Tag Archives: law enforcement

Disturbing case highlights need for dementia training for law enforcement

Video courtesy of The Life & Liberty Law Office

UPDATE: The officers involved in the arrest of Karen Garner have been charged and arrested.

A second video in this case has been released, showing the police reaction back at the station. It is almost equally as disturbing. In my opinion, this isn’t a case of “gallows humor” used as a coping mechanism by those in law enforcement, health care, etc. who face daily traumas. As a journalist, I often find that dark humor in private exchanges can help buffer the pain of covering a terrible crime story. But laughing and boasting about injuring an older woman’s shoulder while making “pop” sound effects displays an utter lack of humanity and should make one unfit to serve in any role involving the public. Would any of these officers want their elder relatives treated and mocked in such a way? It also reinforces the urgent need for better training and accountability.

Original post:

A case in Colorado involving the arrest of a 73-year-old woman with dementia for attempted shoplifting grabbed national headlines this week. It disturbed me personally because my father was in a similar situation. I believe many dementia caregivers fear this situation for their loved ones and we must do better as a community to protect those with dementia from ending up in this heartbreaking situation.

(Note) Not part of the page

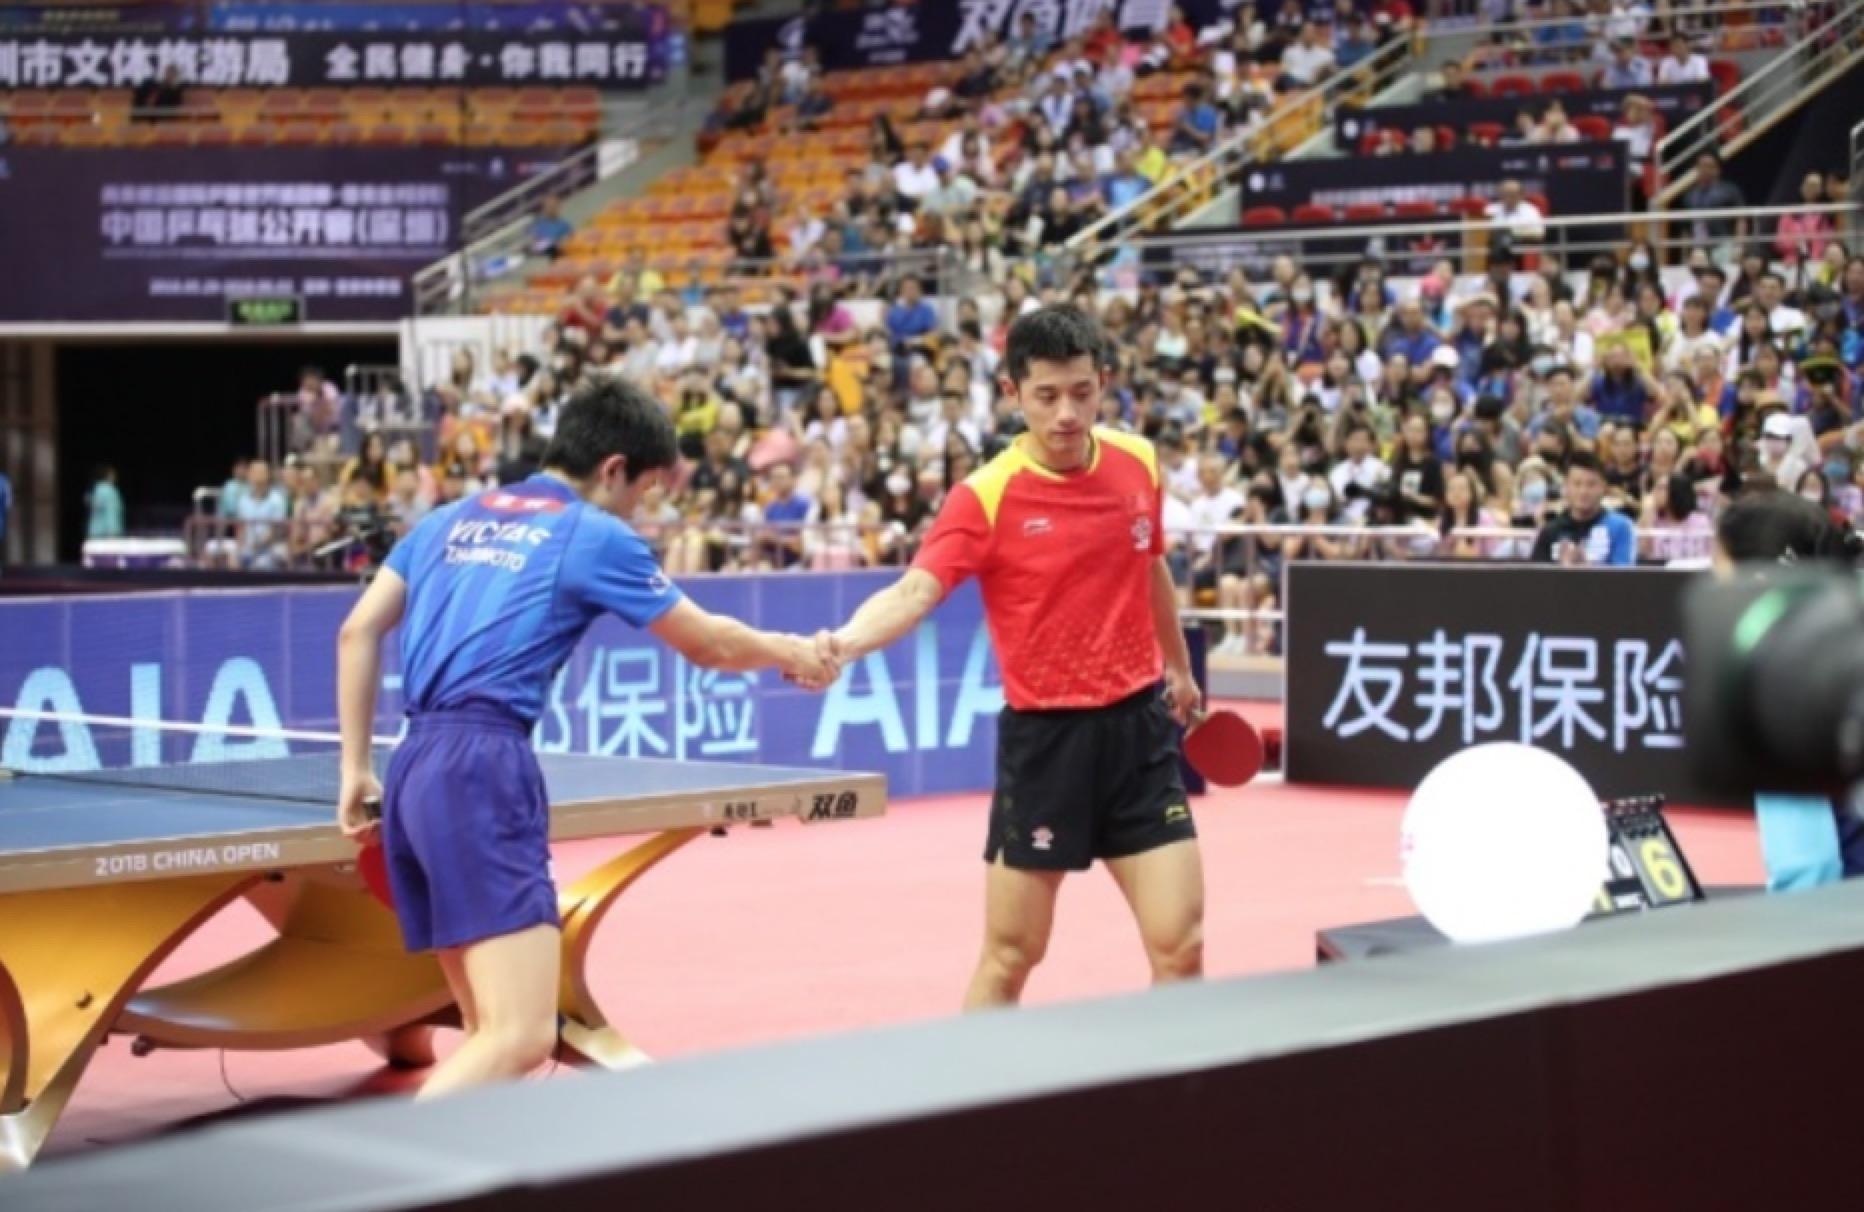 国乒世界冠军横扫张本智和为张继科复仇 林高远10

Karen Garner, 73, filed a lawsuit this week against the city of Loveland and its police officers. The incident took place in June 2020. Garner is accused of attempting to walk out of a Walmart with $14 worth of merchandise without paying. Walmart employees stopped her and were able to retrieve all items. According to the lawsuit, she offered to pay for the items at that point but the store declined, instead calling police to report the incident and offer the location in which Garner began walking. Store employees told police that the store had suffered no loss, according to the lawsuit and video of the arrest.

You can watch for yourself what happens next, as a police officer tracks down Garner. Warning: It is disturbing.

Garner is 5 feet tall and weighs 80 pounds. According to the lawsuit, her shoulder was dislocated during the arrest and she now requires assistance with daily tasks like bathing. She didn’t receive medical care until several hours later, though she complained of pain during the arrest. The criminal case against her was dropped by the district attorney’s office, while no disciplinary actions were taken against the officers until this week, when the lawsuit was filed and the video of the arrest went viral.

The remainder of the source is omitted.